With not much more than ten minutes left on the clock, it looked as if Kerry were to get the upper hand in another chapter of a truly great sporting rivalry with Dublin.
Pundits and bookies alike had the Boys in Blue as heavy favourites to win the All-Ireland semi-final tie and, to their credit, Jim Gavin’s side did just that but in the process exhibited the few flaws that the team possesses.
To look at Dublin’s weaknesses, you must look at where Kerry succeeded a couple of weeks ago and to the fact that the Kingdom’s full forward line scored 2-06 from play.
To say the Dublin full-back line is weak would be ridiculous of course – with Johnny Cooper and Philly McMahon among two of the finest backs in the game – but the line struggled to contain Paul Geaney as he went on the score 1-04.
Back in June, former Donegal manager Jim McGuinness wrote in The Irish Times that the small stature of the Dublin full-back line could prove their downfall with McMahon, Cooper and Michael Fitzsimmons (who he envisioned as a starter later on in the Championship), would not be physically imposing enough to deal with bigger players such as David Moran and Kieran Donaghy.
Two such players that the Dublin back line could struggle to deal with is Andy Moran and Aidan O’Shea as a result. Unlike last year however, it is hard to see Dublin having the luxury of double marking O’Shea after the success of the three-man full forward line Kerry implemented.
Aside from the full back line, there are few other aspects of the game that Mayo can take advantage of but there was one noticeable flaw in Dublin’s defence in the tail end of the semi-final – the half back line became increasingly easier for Kerry to penetrate as the game went on.
In the first half Kerry relied on ball winners in the full forward line as Cian O’Sullivan bossed the line but as fit as the Dublin side are, as the game progressed the legs on James McCarthy began to tire and on the left side, where an attacking Paul Mannion was brought on for John Small, gaps opened and Kerry had success in playing the ball into the full forward line. If Mayo are to take advantage of any signs of fatigue in Dublin’s half back line, it will require a monstrous effort from Diarmuid O’Connor.
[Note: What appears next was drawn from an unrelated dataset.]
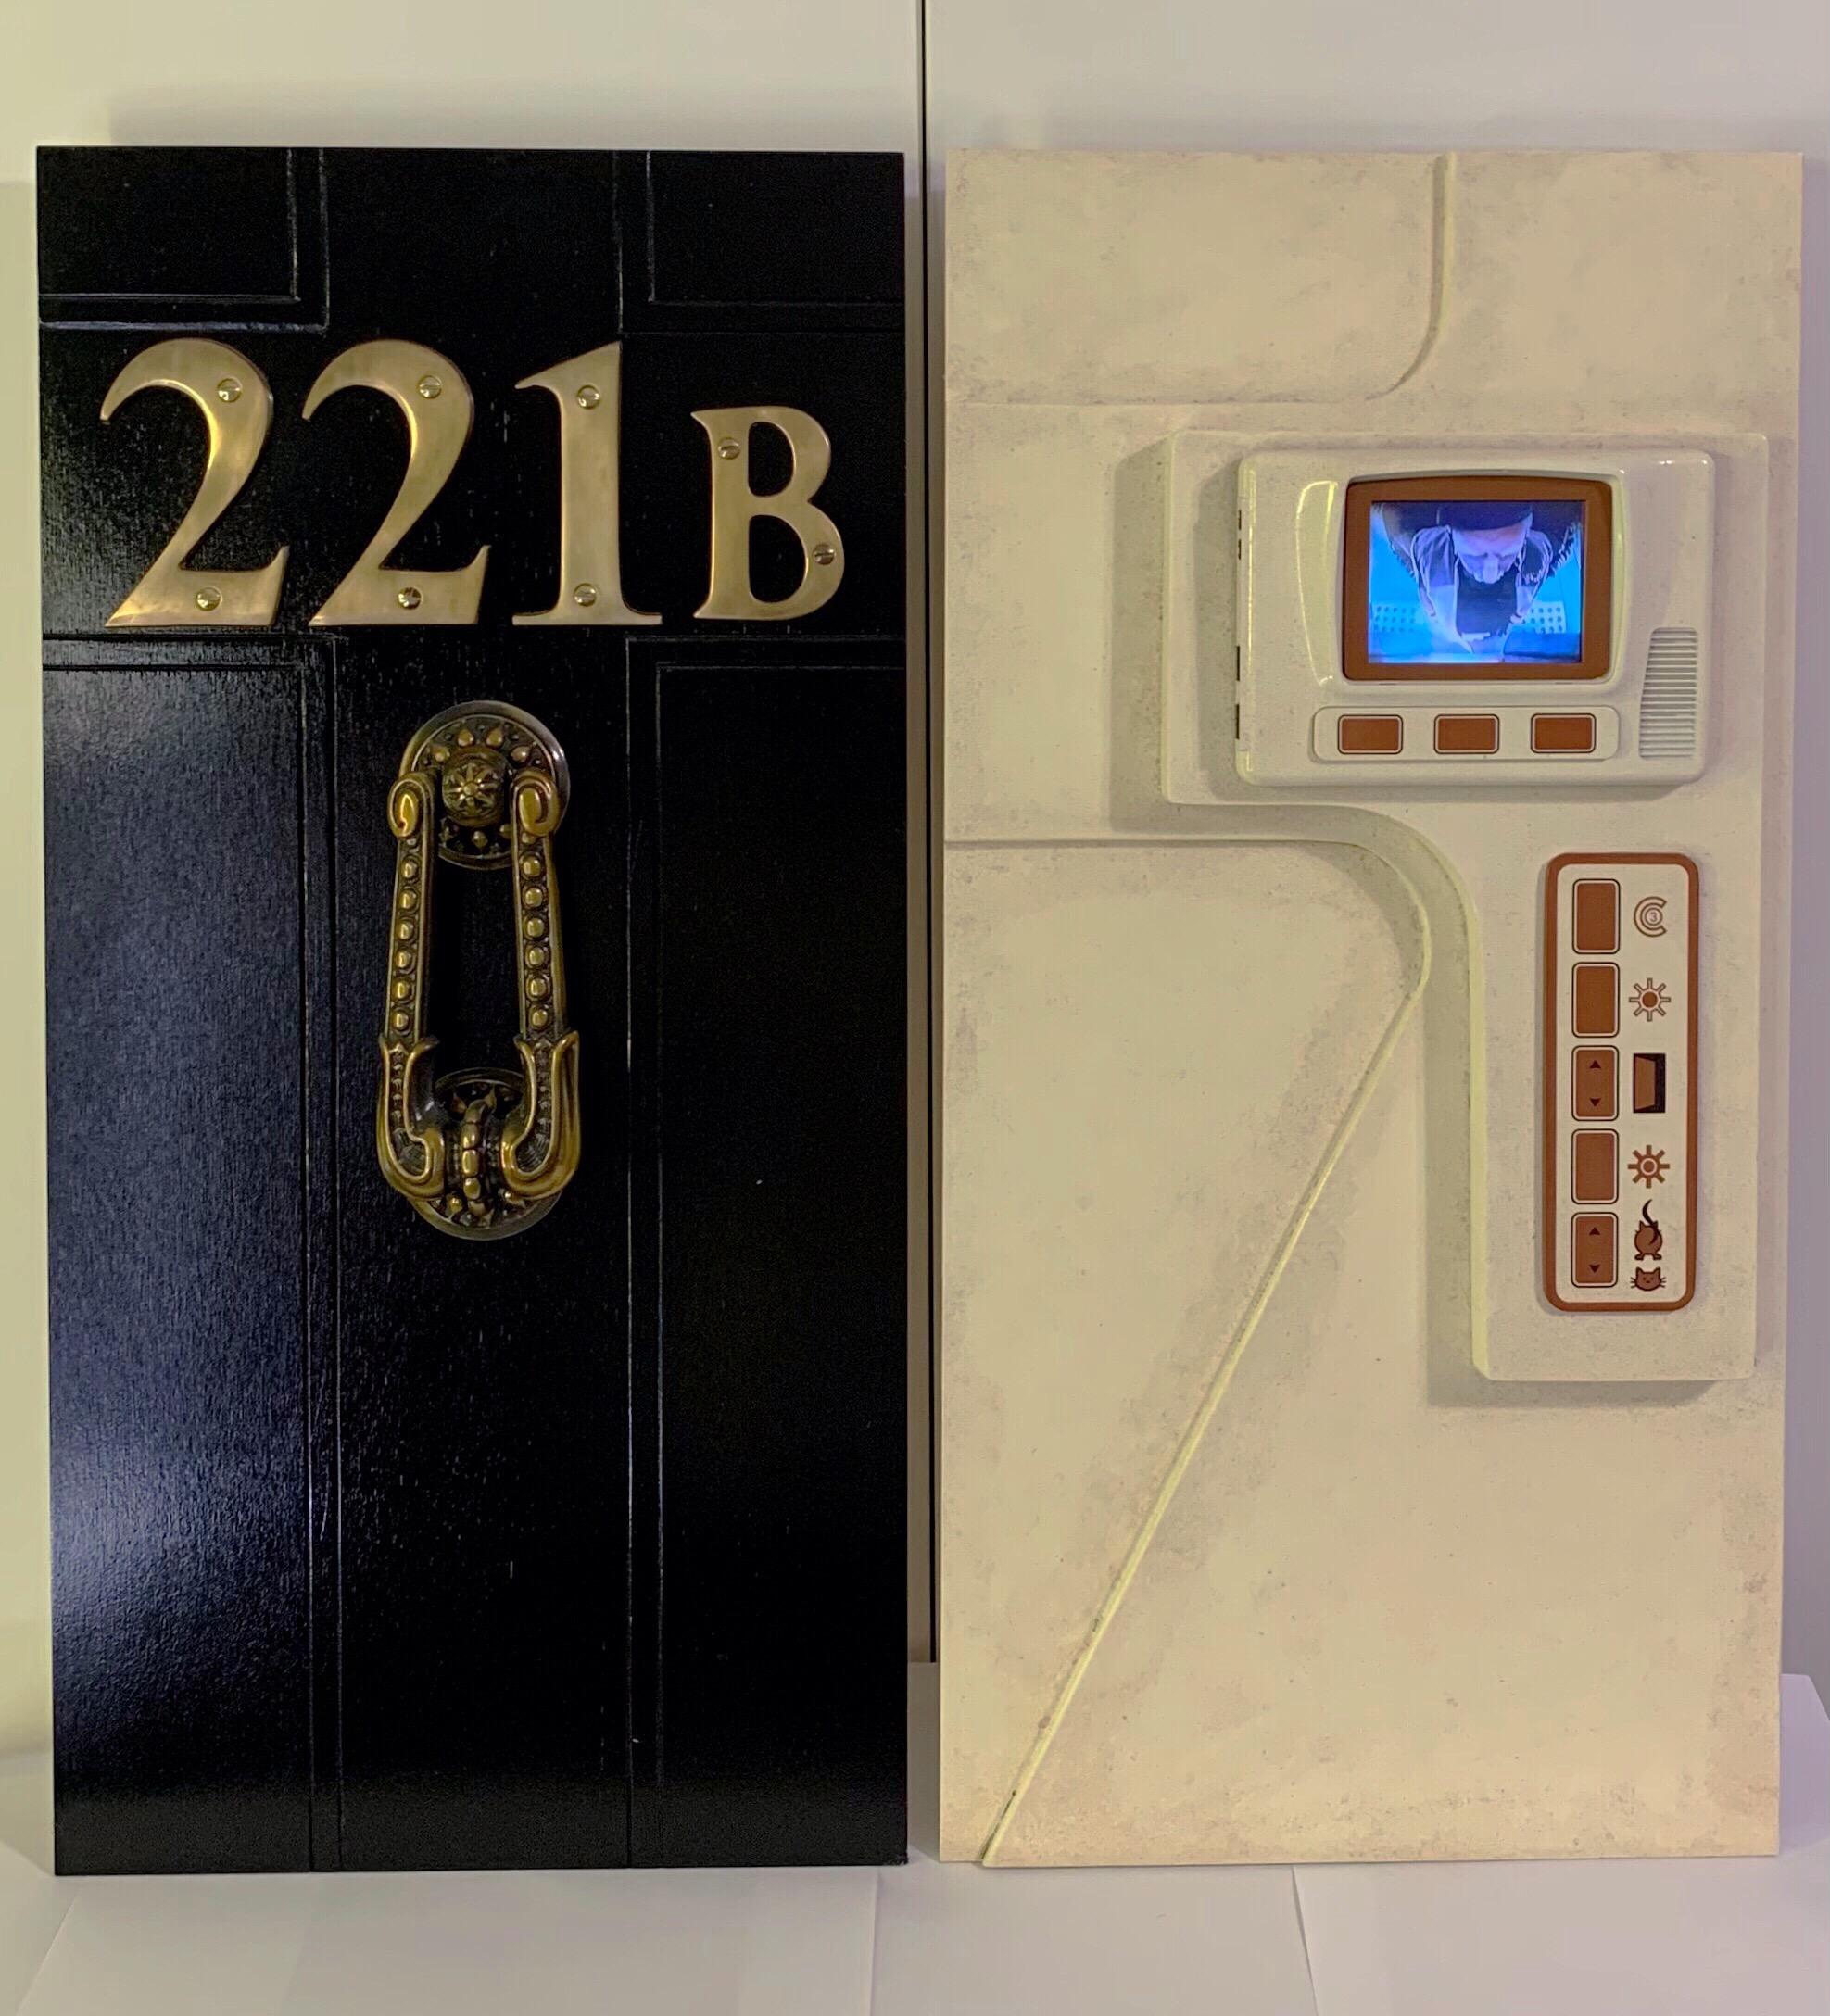 938A39A3-DAD8-4704-B750-9CDBC4F49129.jpeg

A lot has been said of Dublin’s discipline, especially after Diarmuid Connolly’s red card against Donegal. The Dublin talisman will, no doubt, be targeted by the Mayo’s half back line and, in particular, Lee Keegan in an effort to rile the St.Vincent’s man up and get him to remove himself from the game.
Dublin proved against Kerry why they may be the greatest attacking side in GAA history though, employing different tactics after Kerry effectively shut down the Dublin full forward line. And, in a similar fashion, Mayo did the same against Tipperary in their semi-final by not allowing many goal opportunities and cutting off delivery into the final 13 metres of the pitch.
Mayo are going to need a game plan that requires high pressure on the Dublin half forwards, which can lead to speculative shots and mistakes. Both midfielders will have to drop deep and give the Dublin forwards no space to breathe and Kevin McLoughlin will likely be given a sweeper style role in an effort to cause havoc anywhere between midfield and the full back line.
Of course, all of this is well and good in theory and although Dublin’s been run close in the past two years, they seem to have an answer for every question asked of them to date. Stephen Rochford’s side, therefore, will need to have an ace up their sleeve to disrupt Dublin’s attacking rhythm on September 18th and defy the odds to bring Sam back to Mayo for the first time since 1951.